Figure 5 shows that in the model, there are fewer numbers of false positives for theft and non-theft cases than the true positives. This shows that the model has a very high level of efficiency and ability to differentiate between cases of electricity theft and non-theft. To further support the model, the visualization emphasizes the highly increased number of true positives and true negatives as compared to the low number of false positives and false negatives. This performance is important for practical uses so that any errors are kept to a minimum and as many correct identifications as possible are given for decision-making and resource allocation in preventing electricity theft. Table 7 shows the balanced data using voting teachnique.

Figure 5.

Theft and not-theft classes using voting method on balanced data.

Stacking results

The stacking ensemble model was evaluated on the balanced dataset described in Section “Results based on balanced data on voting and stacking techniques.” It achieved an overall accuracy of 94%, with precision, recall, and F1-score all reaching 94% or higher, as shown in Table 8.

Table 8.

Measures from stacking technique using balanced data.

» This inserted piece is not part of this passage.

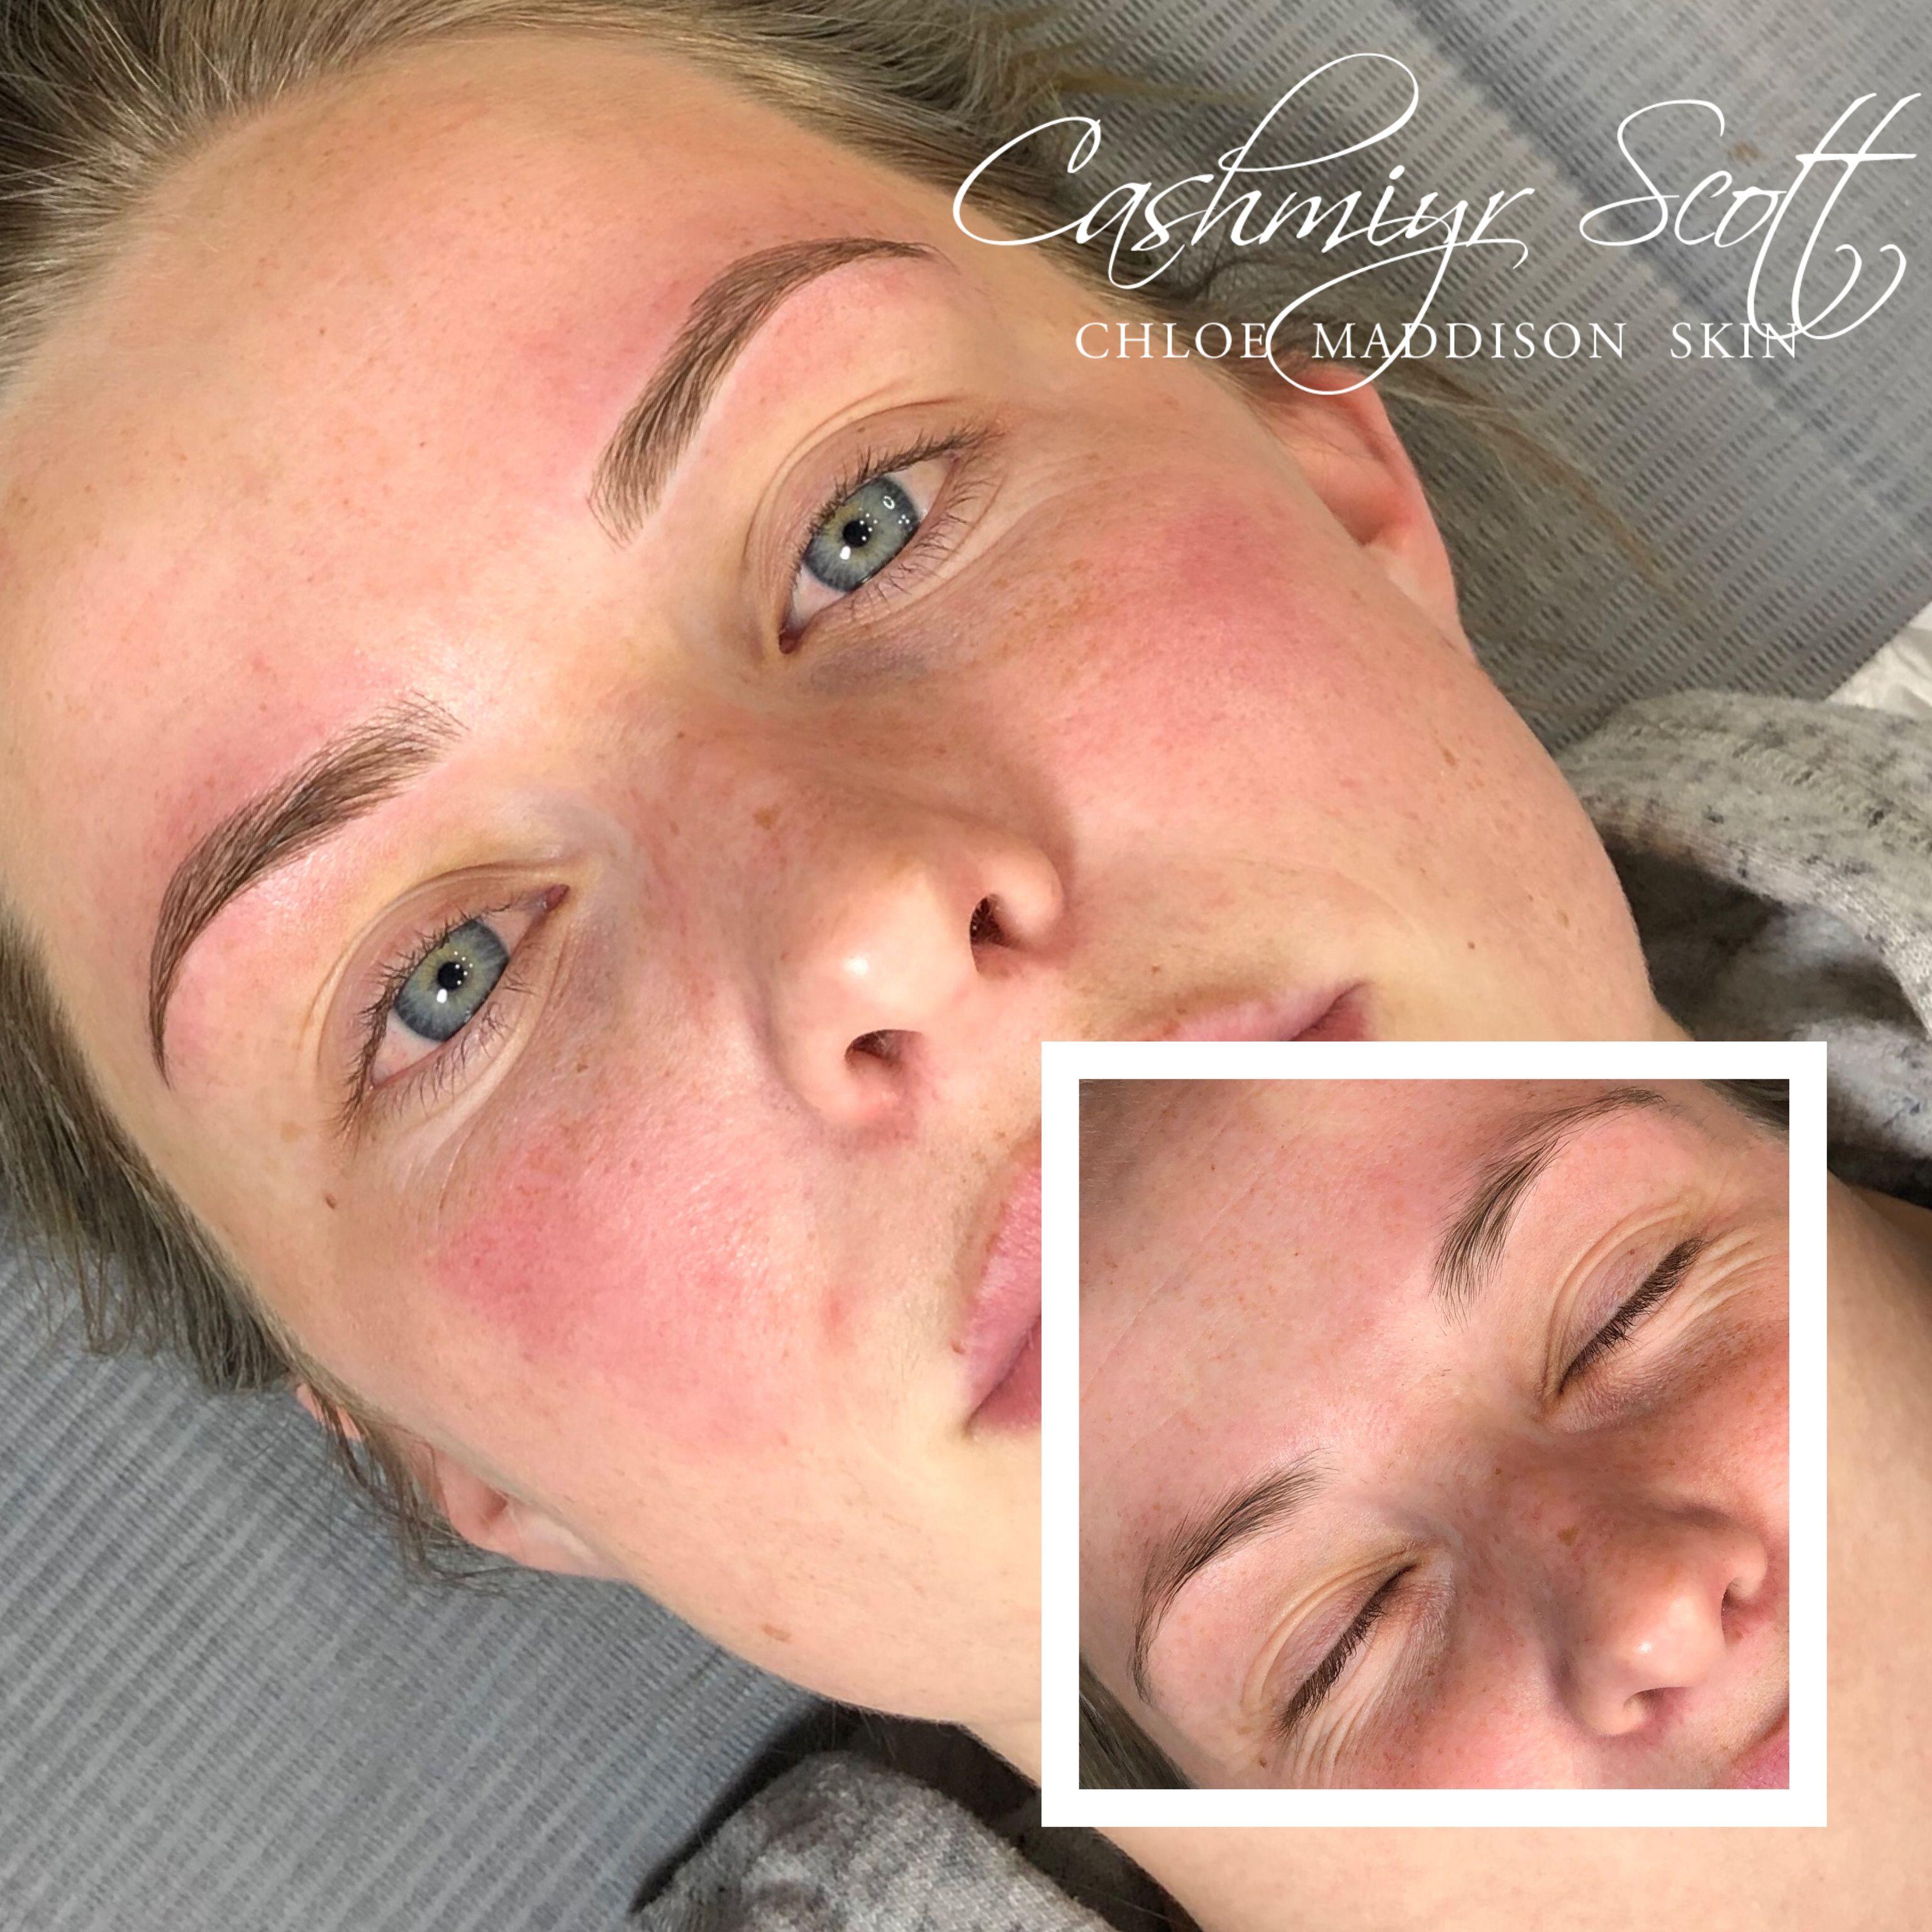 Pin by CHLOE + MADDISON SKIN on Permanent Makeup Colorado

Class	Precision	Recall	F1 score
Not-Theft (0)	0.94	0.95	0.94
Theft (1)	0.95	0.94	0.94
Average	0.94	0.94	0.94
Accuracy			0.94

As illustrated in Figure 6, the model demonstrates a high level of discrimination between theft and non-theft instances, with a notable reduction in false predictions. This supports the stacking ensemble's robustness in delivering balanced and reliable classification performance in electricity theft detection.

Figure 6.

Theft and not-theft classes using stacking method on balanced data.

Comparative analysis

In Figure 7, the confusion matrix representations have been derived and depicted for the voting and stacking ensemble methods tested on both balanced and imbalanced datasets. It is obvious from the results that stacking over the balanced data is higher than any other settings. Particularly, the confusion matrix of the stacking method with the balanced data presentation, further indicates more correctly predicted true-positive and true-negative instances in contrast to the other method. By comparing these two, the importance of balancing the dataset before using the stacking technique is evident, as it would help improve the precision and reliability of the model's prediction. It can be also seen from the above visualization that data preprocessing plays a crucial role in improving the model's outcome and it is quite clear that stacking and balanced data gave the best outcome.

Figure 7.

Confusion matrix for voting and stacking on imbalanced and balanced data.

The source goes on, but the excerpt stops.